:: Work task ::
Using the records that follow, reproduce exactly the lines starting at the line containing "Hoover Dam Image 3" and ending at the line containing "Canon EOS 450D + RC-6 Remote Shutter Release". Include both end lines and no pictures.
+++ Excerpted data +++
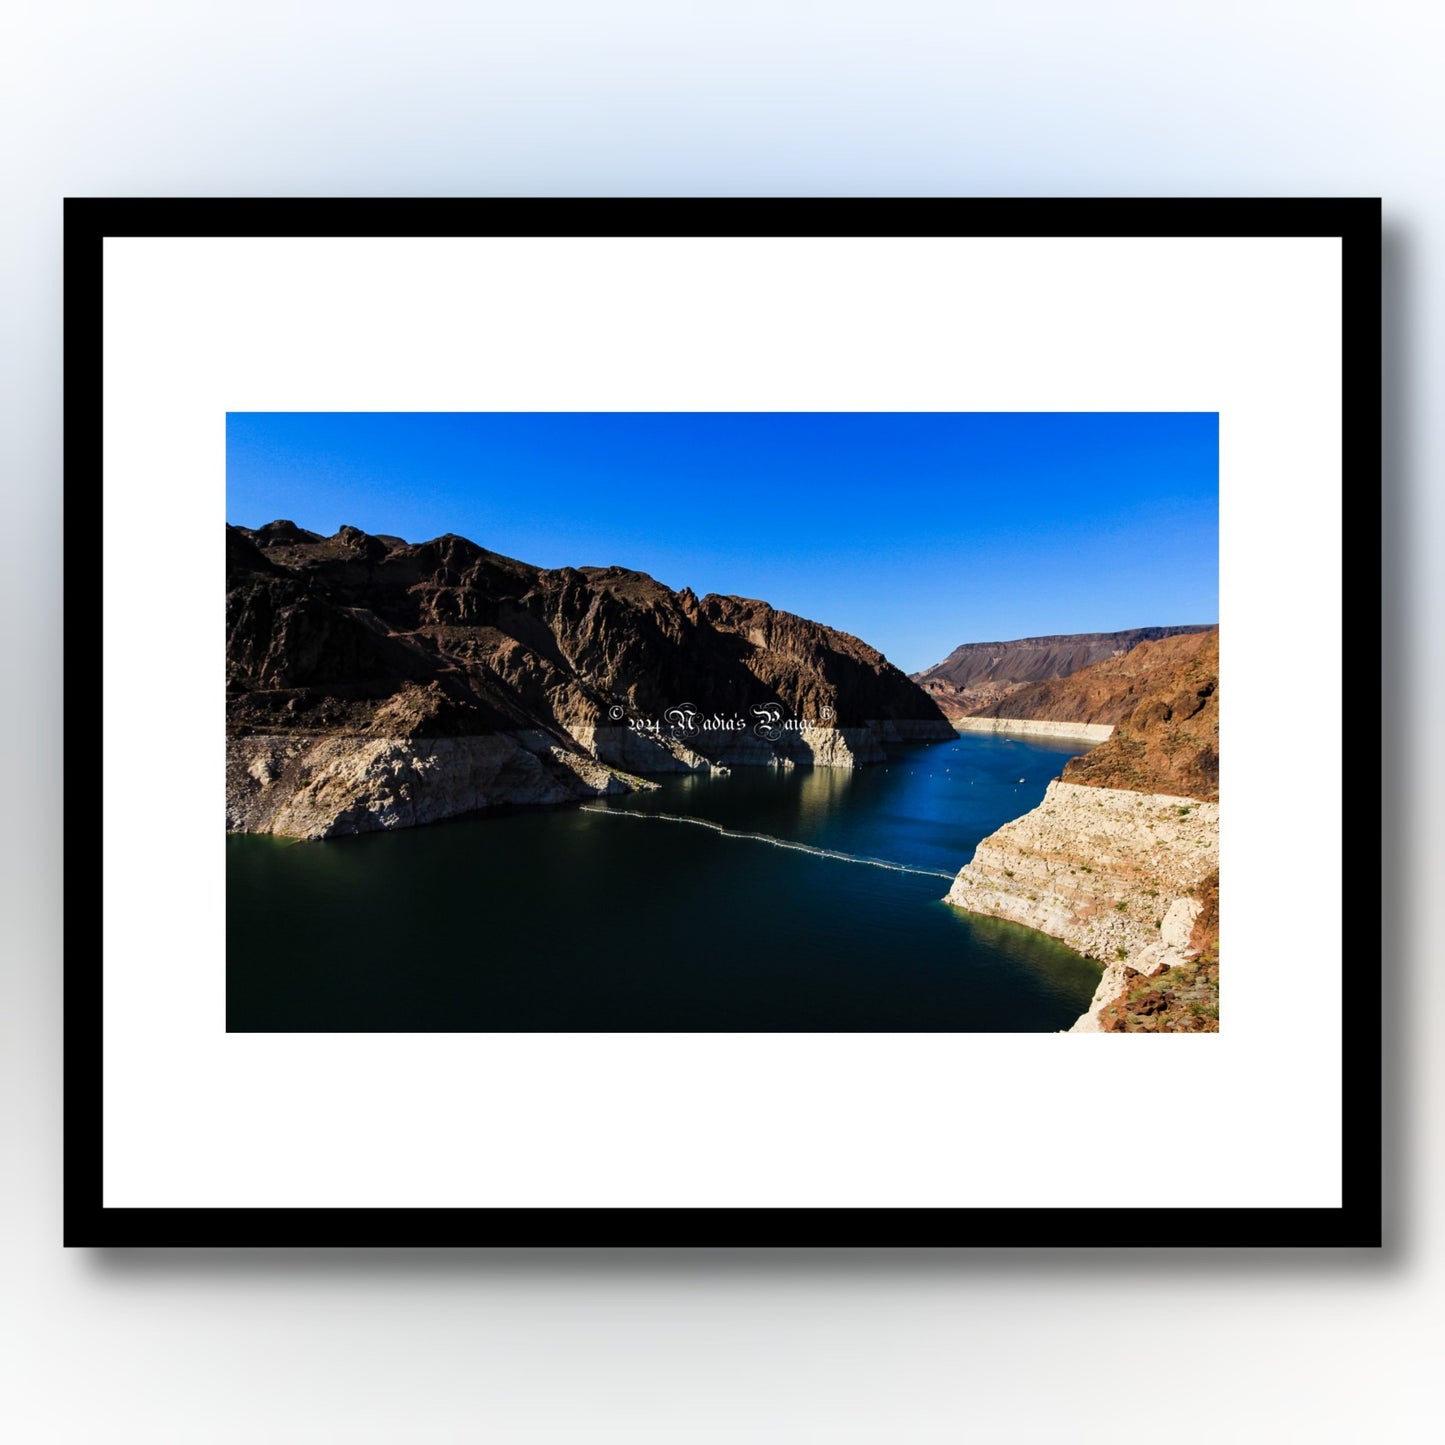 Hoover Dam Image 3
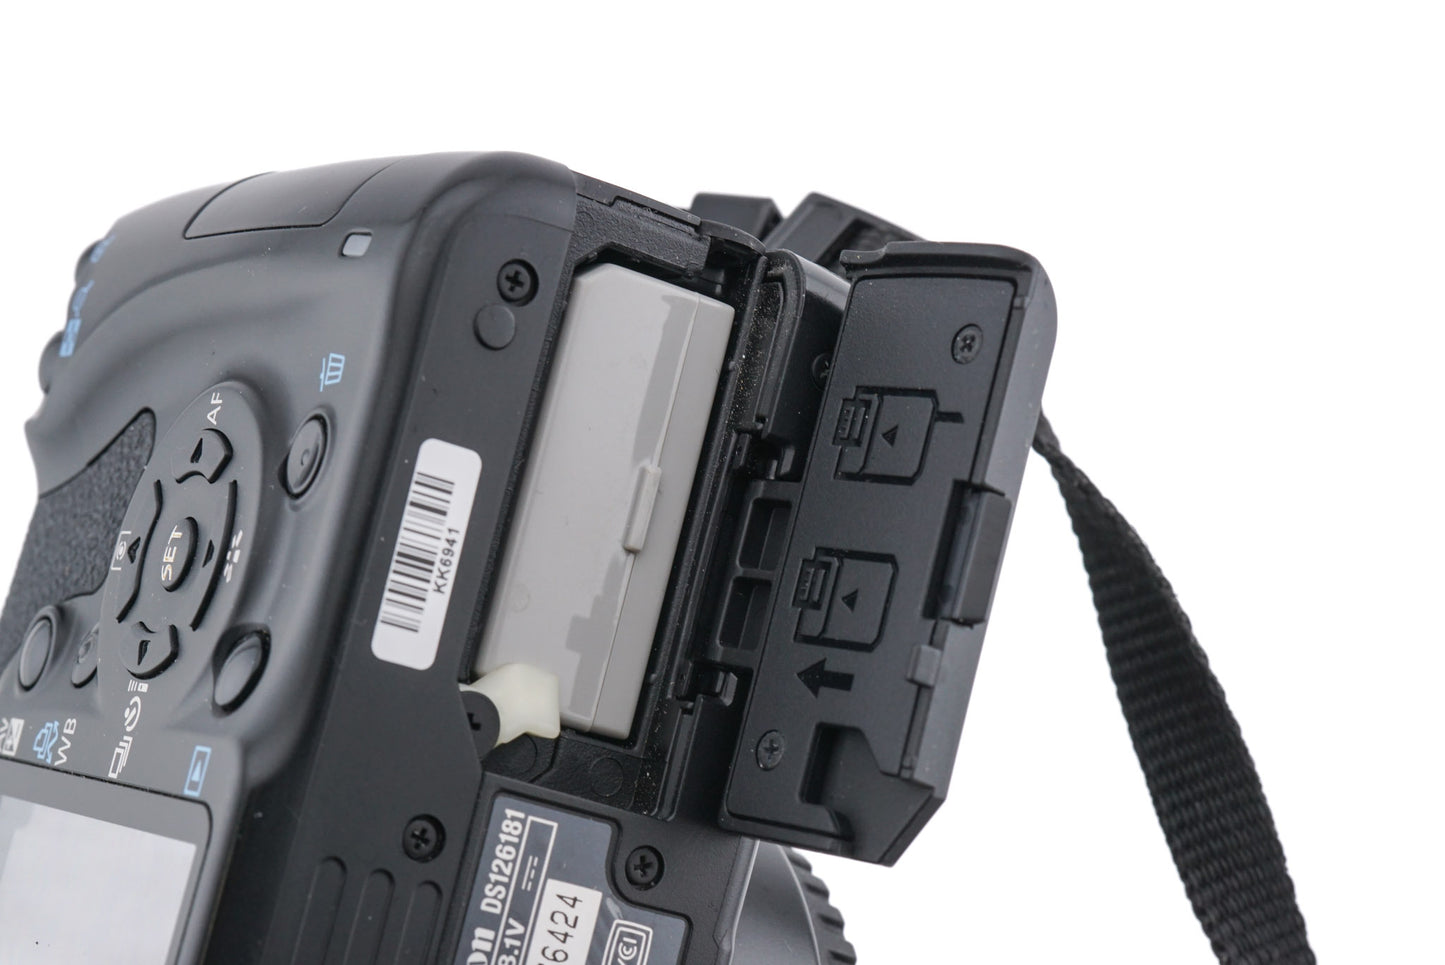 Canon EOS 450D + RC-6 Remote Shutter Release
+++
+++ Excerpted data +++
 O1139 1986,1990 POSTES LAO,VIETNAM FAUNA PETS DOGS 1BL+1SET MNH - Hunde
+++
:: Task answer ::
 Hoover Dam Image 3
 Canon EOS 450D + RC-6 Remote Shutter Release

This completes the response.